## Problem details
Below are entries; print them exactly from the first line through the one containing "MFL68240606 (1.0) www.l".

## Entries provided
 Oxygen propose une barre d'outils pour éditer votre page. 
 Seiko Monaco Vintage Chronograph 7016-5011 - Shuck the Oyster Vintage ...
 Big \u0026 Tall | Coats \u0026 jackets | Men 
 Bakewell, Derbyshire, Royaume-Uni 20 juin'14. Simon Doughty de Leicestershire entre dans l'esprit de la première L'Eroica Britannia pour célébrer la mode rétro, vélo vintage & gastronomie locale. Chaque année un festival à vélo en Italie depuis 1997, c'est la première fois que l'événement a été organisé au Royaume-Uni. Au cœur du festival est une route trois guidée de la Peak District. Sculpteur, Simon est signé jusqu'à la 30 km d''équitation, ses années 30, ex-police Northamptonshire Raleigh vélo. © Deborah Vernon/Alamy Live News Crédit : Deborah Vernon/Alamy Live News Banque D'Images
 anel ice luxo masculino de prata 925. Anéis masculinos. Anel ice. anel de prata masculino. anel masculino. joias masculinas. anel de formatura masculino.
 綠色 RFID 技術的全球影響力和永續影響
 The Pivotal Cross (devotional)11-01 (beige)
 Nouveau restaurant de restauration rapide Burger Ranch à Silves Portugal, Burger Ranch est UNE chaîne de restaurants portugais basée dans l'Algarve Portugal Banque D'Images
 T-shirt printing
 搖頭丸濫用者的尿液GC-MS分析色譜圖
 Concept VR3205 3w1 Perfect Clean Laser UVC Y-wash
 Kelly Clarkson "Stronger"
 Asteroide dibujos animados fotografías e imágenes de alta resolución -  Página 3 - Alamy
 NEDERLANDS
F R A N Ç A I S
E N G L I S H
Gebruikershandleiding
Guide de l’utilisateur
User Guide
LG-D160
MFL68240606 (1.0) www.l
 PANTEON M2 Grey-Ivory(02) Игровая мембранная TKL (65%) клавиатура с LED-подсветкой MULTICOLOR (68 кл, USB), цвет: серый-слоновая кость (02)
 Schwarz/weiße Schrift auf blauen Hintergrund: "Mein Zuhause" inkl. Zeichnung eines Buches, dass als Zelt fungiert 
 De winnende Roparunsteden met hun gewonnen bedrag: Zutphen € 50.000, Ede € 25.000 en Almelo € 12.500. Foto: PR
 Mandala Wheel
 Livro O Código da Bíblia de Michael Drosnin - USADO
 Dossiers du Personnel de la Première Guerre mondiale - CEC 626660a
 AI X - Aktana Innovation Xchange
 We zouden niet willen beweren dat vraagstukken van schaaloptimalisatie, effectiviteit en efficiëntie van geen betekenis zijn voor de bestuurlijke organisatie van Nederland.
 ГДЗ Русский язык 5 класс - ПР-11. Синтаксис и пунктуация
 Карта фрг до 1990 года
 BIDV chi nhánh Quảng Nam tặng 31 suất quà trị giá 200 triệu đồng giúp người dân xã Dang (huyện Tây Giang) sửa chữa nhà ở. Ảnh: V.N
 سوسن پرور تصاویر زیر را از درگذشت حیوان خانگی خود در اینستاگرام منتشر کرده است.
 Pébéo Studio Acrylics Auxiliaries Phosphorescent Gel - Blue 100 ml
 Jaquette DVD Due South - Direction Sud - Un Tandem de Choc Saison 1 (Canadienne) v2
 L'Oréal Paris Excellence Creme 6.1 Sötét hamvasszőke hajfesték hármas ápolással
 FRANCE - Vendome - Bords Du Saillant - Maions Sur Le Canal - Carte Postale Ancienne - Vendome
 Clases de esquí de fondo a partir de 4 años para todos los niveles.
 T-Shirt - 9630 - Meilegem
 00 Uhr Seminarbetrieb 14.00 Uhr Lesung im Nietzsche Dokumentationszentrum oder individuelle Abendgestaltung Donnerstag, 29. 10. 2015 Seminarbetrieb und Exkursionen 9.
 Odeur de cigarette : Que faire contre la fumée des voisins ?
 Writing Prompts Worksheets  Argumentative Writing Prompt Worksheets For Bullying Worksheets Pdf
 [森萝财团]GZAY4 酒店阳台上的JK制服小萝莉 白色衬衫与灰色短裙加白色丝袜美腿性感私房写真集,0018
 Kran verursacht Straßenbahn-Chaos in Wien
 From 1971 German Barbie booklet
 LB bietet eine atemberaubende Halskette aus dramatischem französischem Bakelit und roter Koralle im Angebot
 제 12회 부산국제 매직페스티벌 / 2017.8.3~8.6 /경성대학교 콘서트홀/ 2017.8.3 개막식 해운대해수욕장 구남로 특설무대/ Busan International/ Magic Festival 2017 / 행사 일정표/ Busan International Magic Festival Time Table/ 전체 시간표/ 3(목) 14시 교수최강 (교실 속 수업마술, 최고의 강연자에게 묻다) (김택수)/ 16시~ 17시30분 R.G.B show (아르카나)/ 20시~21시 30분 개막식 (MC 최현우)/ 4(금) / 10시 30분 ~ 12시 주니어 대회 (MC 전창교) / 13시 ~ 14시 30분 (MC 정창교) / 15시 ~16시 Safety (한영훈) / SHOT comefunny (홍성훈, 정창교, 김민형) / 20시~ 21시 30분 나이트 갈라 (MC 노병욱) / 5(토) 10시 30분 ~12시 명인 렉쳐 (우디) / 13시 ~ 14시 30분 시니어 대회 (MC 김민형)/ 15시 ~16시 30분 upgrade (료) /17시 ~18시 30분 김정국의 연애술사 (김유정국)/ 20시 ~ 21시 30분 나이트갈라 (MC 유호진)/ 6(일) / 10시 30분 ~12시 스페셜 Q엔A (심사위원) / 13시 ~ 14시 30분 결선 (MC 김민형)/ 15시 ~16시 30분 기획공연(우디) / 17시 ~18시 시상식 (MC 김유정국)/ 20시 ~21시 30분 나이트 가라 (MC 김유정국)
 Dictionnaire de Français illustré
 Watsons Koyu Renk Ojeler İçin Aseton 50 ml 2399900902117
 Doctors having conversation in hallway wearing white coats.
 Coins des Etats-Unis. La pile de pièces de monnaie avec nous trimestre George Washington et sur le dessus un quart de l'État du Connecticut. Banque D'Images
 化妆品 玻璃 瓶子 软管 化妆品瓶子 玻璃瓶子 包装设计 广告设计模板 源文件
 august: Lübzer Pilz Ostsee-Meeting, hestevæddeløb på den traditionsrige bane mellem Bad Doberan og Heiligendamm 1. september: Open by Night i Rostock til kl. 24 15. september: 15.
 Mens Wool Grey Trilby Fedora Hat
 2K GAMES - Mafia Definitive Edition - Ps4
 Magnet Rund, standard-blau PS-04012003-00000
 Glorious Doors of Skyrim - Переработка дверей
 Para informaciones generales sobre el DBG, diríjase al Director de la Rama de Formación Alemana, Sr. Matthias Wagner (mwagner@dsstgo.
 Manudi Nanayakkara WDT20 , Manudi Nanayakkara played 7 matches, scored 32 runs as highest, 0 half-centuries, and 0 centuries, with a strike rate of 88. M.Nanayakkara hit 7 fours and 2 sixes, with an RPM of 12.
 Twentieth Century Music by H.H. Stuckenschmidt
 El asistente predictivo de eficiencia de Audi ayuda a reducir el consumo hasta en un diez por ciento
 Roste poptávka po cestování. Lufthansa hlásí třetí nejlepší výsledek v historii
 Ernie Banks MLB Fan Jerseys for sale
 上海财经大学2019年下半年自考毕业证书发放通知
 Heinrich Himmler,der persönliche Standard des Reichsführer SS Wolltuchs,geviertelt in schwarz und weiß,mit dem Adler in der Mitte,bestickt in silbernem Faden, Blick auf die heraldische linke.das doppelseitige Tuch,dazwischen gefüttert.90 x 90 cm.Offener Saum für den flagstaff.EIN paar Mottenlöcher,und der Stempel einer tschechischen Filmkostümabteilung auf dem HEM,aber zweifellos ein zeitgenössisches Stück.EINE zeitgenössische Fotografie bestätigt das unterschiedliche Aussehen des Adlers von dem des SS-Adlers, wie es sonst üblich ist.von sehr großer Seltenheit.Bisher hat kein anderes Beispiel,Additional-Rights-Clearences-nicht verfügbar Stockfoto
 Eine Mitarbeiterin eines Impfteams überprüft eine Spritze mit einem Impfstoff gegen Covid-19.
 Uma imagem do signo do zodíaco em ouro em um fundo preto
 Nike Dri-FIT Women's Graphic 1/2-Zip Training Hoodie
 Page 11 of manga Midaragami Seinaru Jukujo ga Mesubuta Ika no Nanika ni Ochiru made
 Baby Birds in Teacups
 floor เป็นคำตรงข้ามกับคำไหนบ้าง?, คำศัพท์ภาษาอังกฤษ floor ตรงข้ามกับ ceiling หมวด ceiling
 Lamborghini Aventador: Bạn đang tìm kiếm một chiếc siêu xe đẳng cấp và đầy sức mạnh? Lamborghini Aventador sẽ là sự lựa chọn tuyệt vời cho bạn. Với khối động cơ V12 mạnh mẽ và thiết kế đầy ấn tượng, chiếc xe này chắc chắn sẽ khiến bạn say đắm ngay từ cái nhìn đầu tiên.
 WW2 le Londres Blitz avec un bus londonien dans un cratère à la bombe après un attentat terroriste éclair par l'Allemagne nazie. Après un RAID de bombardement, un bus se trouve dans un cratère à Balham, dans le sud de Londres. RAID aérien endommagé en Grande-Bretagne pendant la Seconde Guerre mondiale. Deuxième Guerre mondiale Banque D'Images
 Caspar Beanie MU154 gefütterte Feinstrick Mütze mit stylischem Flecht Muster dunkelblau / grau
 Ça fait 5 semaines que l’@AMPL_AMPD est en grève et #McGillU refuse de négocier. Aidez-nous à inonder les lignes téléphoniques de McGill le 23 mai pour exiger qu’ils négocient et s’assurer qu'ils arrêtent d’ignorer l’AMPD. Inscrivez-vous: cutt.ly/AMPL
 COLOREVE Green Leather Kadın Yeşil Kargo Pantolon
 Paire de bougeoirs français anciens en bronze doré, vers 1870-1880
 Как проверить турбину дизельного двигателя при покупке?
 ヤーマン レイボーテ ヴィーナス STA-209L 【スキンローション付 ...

## Output below
 Oxygen propose une barre d'outils pour éditer votre page. 
 Seiko Monaco Vintage Chronograph 7016-5011 - Shuck the Oyster Vintage ...
 Big \u0026 Tall | Coats \u0026 jackets | Men 
 Bakewell, Derbyshire, Royaume-Uni 20 juin'14. Simon Doughty de Leicestershire entre dans l'esprit de la première L'Eroica Britannia pour célébrer la mode rétro, vélo vintage & gastronomie locale. Chaque année un festival à vélo en Italie depuis 1997, c'est la première fois que l'événement a été organisé au Royaume-Uni. Au cœur du festival est une route trois guidée de la Peak District. Sculpteur, Simon est signé jusqu'à la 30 km d''équitation, ses années 30, ex-police Northamptonshire Raleigh vélo. © Deborah Vernon/Alamy Live News Crédit : Deborah Vernon/Alamy Live News Banque D'Images
 anel ice luxo masculino de prata 925. Anéis masculinos. Anel ice. anel de prata masculino. anel masculino. joias masculinas. anel de formatura masculino.
 綠色 RFID 技術的全球影響力和永續影響
 The Pivotal Cross (devotional)11-01 (beige)
 Nouveau restaurant de restauration rapide Burger Ranch à Silves Portugal, Burger Ranch est UNE chaîne de restaurants portugais basée dans l'Algarve Portugal Banque D'Images
 T-shirt printing
 搖頭丸濫用者的尿液GC-MS分析色譜圖
 Concept VR3205 3w1 Perfect Clean Laser UVC Y-wash
 Kelly Clarkson "Stronger"
 Asteroide dibujos animados fotografías e imágenes de alta resolución -  Página 3 - Alamy
 NEDERLANDS
F R A N Ç A I S
E N G L I S H
Gebruikershandleiding
Guide de l’utilisateur
User Guide
LG-D160
MFL68240606 (1.0) www.l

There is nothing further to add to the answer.